Add corgea deps offline inventory (scan/graph/explain/diff/sbom/policy) by juangaitanv · Pull Request #93 · Corgea/cli

juangaitanv · 2026-05-28T16:29:14Z

Summary

Chunk 2 of the dependency tooling split (#89). Stacked on #92 (chunk1/harness) — review/merge that first; base will retarget to main once #92 lands.

Adds the fully offline corgea deps inventory surface for npm, Python, and Java:

Detects manifests + lockfiles, builds the resolved dependency graph.
Evaluates a pinning policy (DEP rules) with table / JSON / SARIF / CycloneDX output.
Subcommands: scan, graph, explain, diff, sbom, policy.
No token, no config, no network — wired into main.rs with no auth/token check.

Out of scope (chunk 3)

The network surface stays deferred: deps verify, registry freshness, --check-cve / vuln-api client, the vuln-api-stub binary, and the npm/pip/etc. install wrappers.

Coverage

83 unit + integration tests.

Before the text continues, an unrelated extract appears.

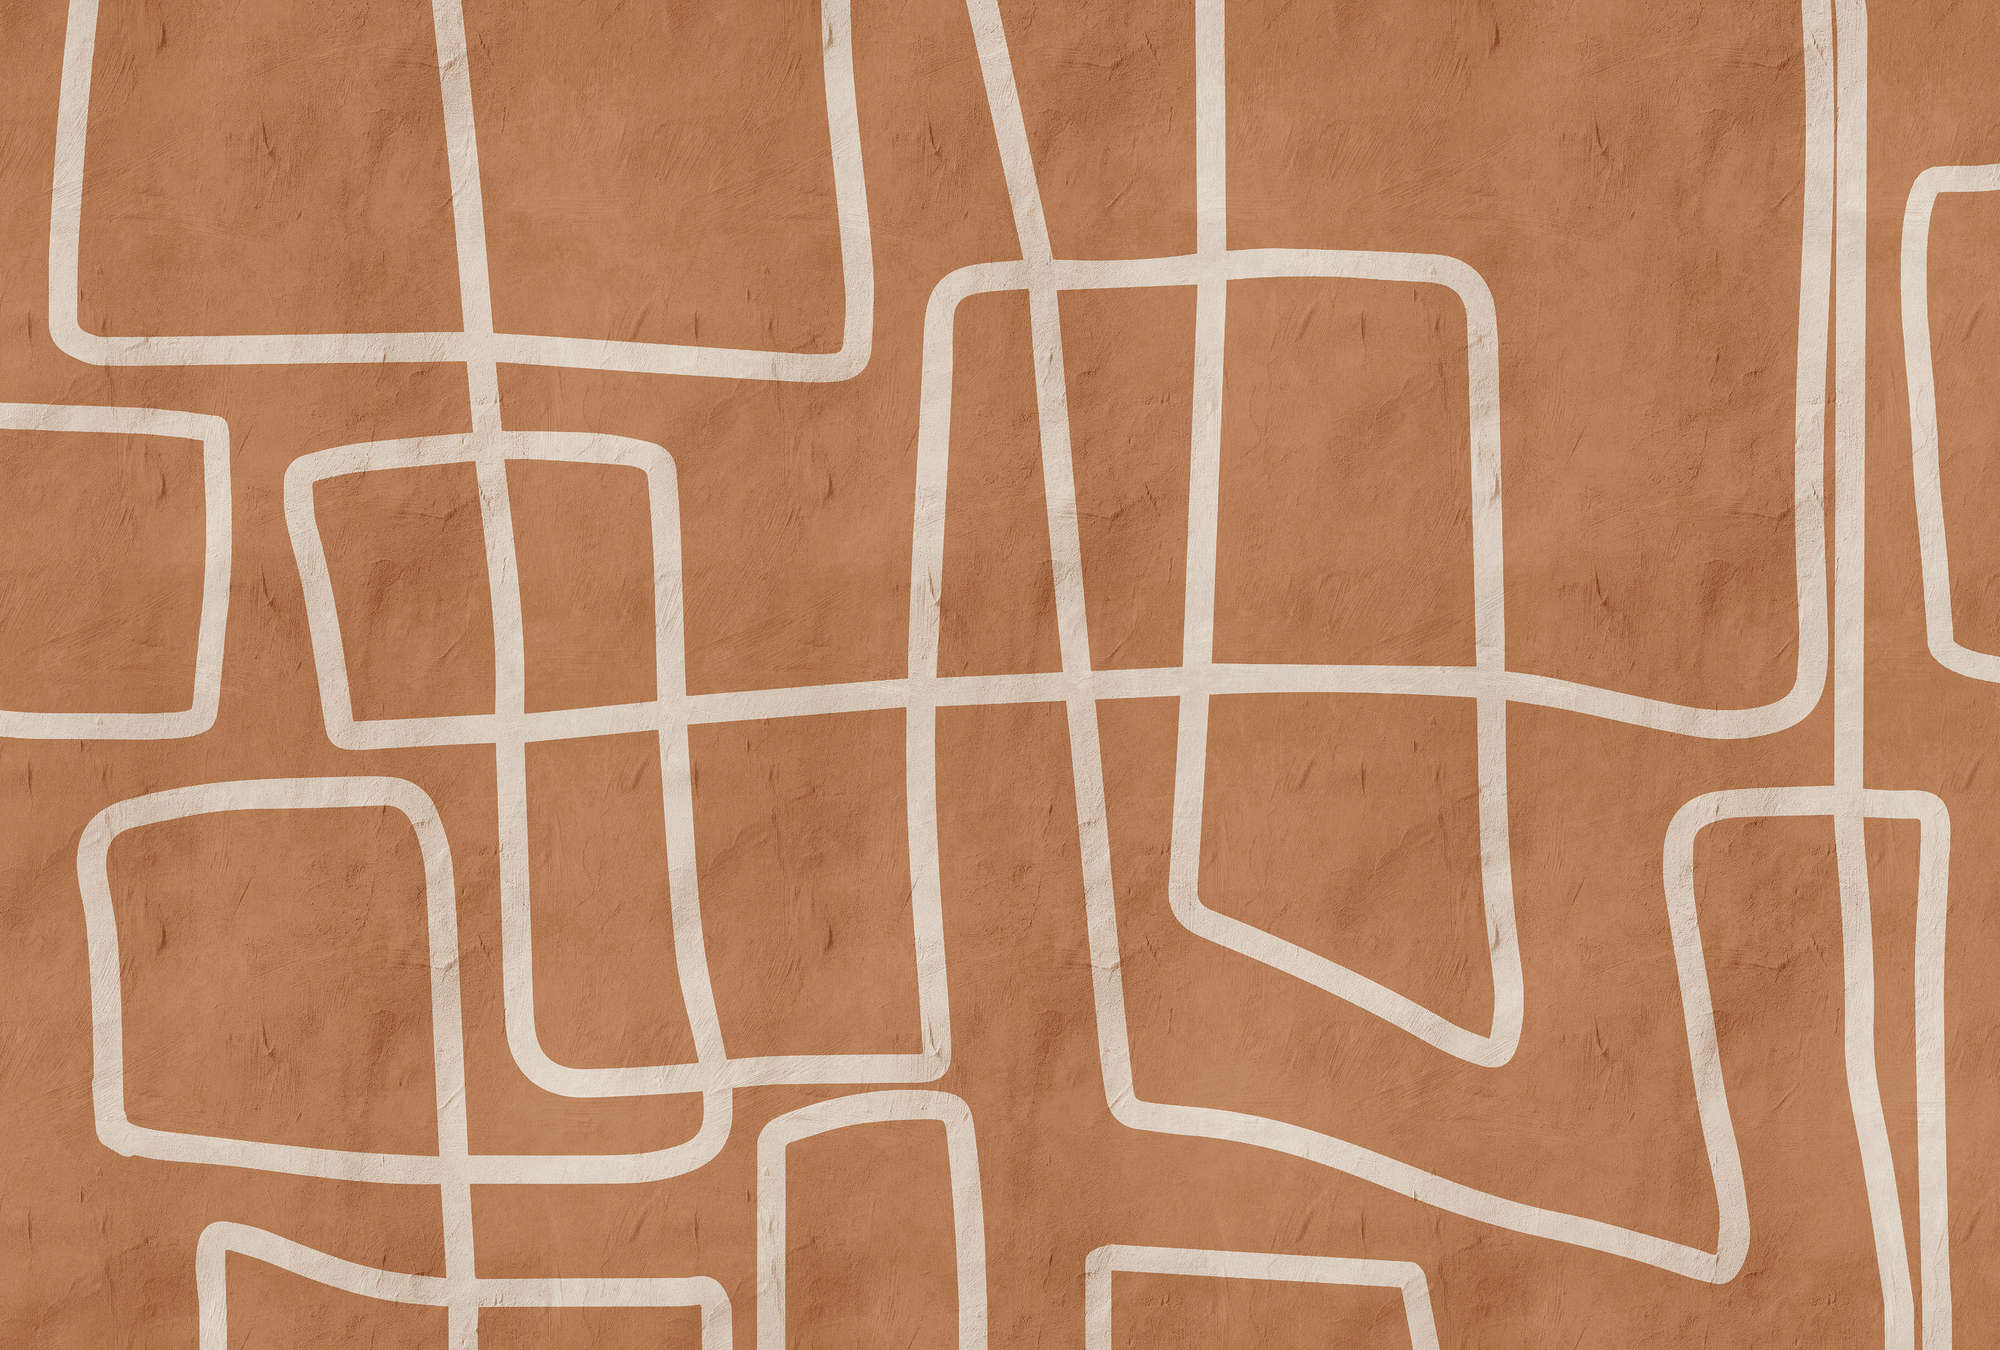             Serengeti 2 - Mur d'argile Papier peint Terracota avec motif de lignes ethniques
        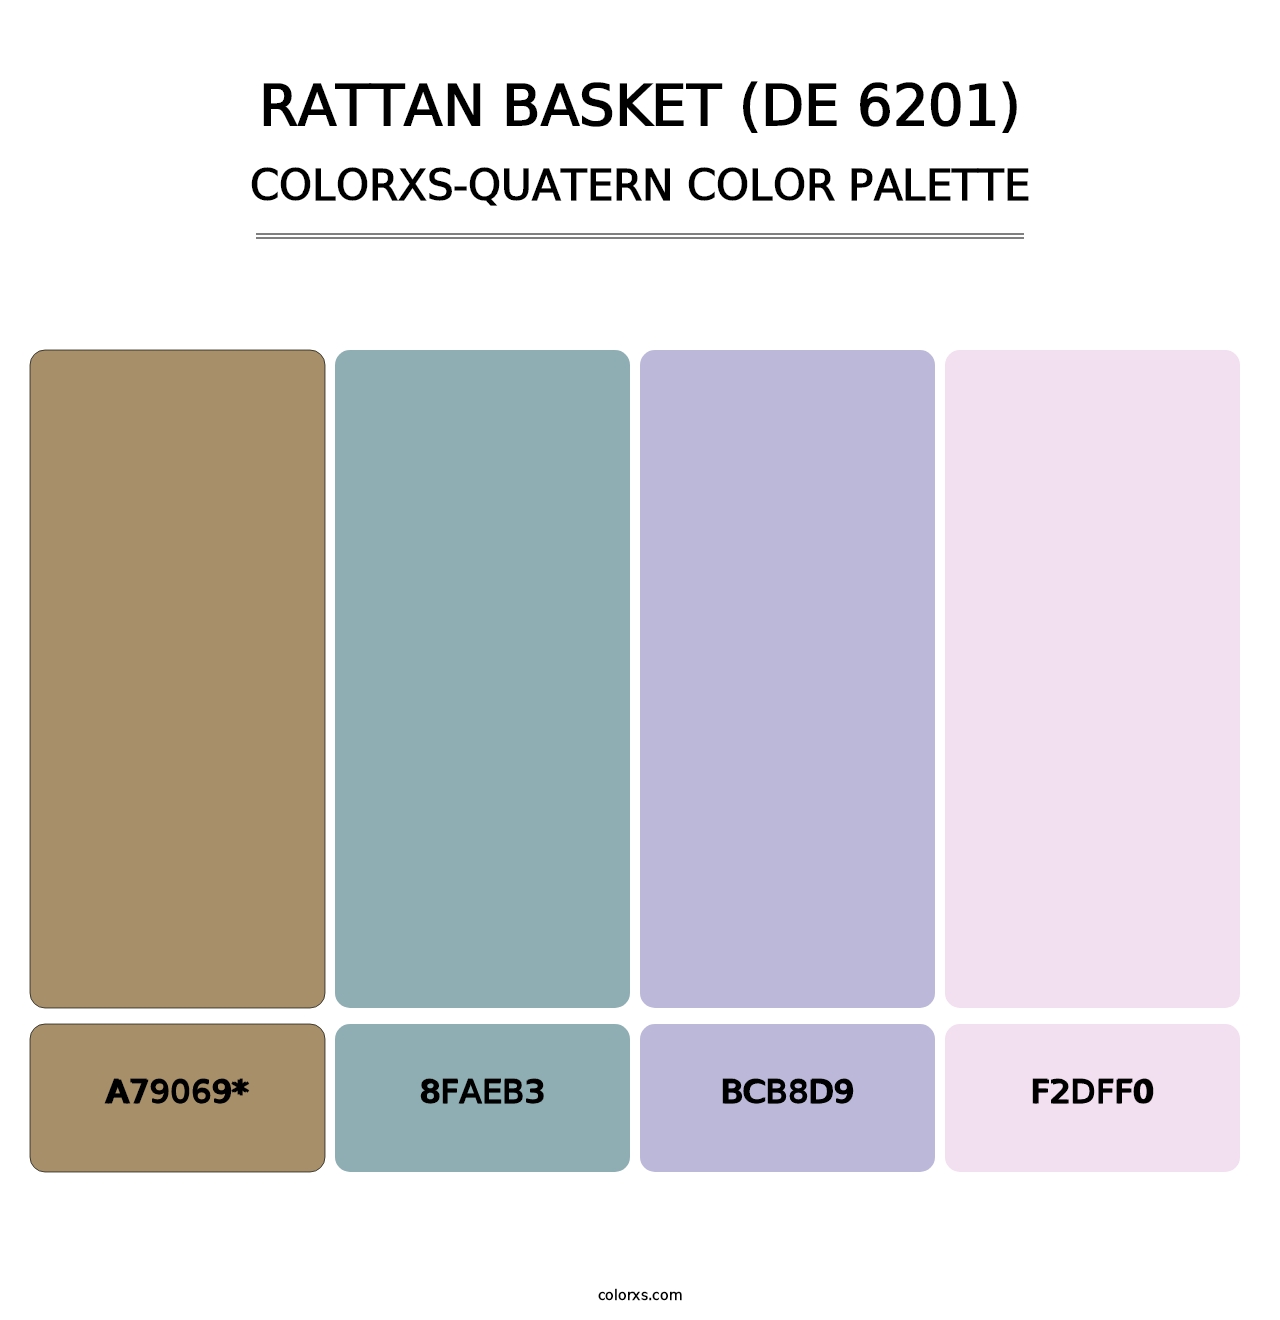 Rattan Basket (DE 6201) - Colorxs Quatern Palette

Overall line coverage 13% → 36% (well above the 13% floor from chunk 1).

Test plan

CI green once Add ./harness quality contract + CI coverage gate #92 merges and this retargets to main
Local: ./harness ci passes (clippy strict, fmt, tests + coverage)
corgea deps scan / graph / explain / diff / sbom / policy run with no token or config present
Offline contract holds: no network calls in any deps subcommand

Offline dependency inventory for npm, Python, and Java: detects manifests and lockfiles, builds the resolved graph, and evaluates a pinning policy (DEP rules) with table/JSON/SARIF/CycloneDX output. Fully offline — no token or network. Carved out of #89 as chunk2 (stacks on the chunk1 harness branch). Excludes the network surface deferred to chunk3: `deps verify`, registry freshness, --check-cve / vuln-api, the vuln-api-stub binary, and the npm/pip/etc. install wrappers. Wires `corgea deps <subcommand>` into main.rs with no auth/token check. Adds 83 unit + integration tests; overall line coverage 13% -> 36%.

cursor

Stale comment

cursor · 2026-05-28T16:43:23Z

+    inv.findings.iter().any(|f| f.severity.at_least(sev))
+}
+
+fn scan_base_ref(_path: &str, _base: &str) -> Result<crate::deps::Inventory, DepsError> {


This cannot ship as the implementation for corgea deps diff: both _path and _base are ignored and the base inventory is always empty. Evidence: the diff command scans HEAD, then calls this stub, so even corgea deps diff --base HEAD reports every current dependency as added and never reports real removals/changes. Impact: CI/policy checks based on dependency diffs are unusable and --fail-on-new will be evaluated against the wrong baseline. Fix by materializing/scanning the requested git ref for the requested path (for example via a temporary worktree or reading files from the git object database), then add CLI tests where comparing against the same ref yields an empty diff and a real base/head change yields only the actual additions/removals/updates.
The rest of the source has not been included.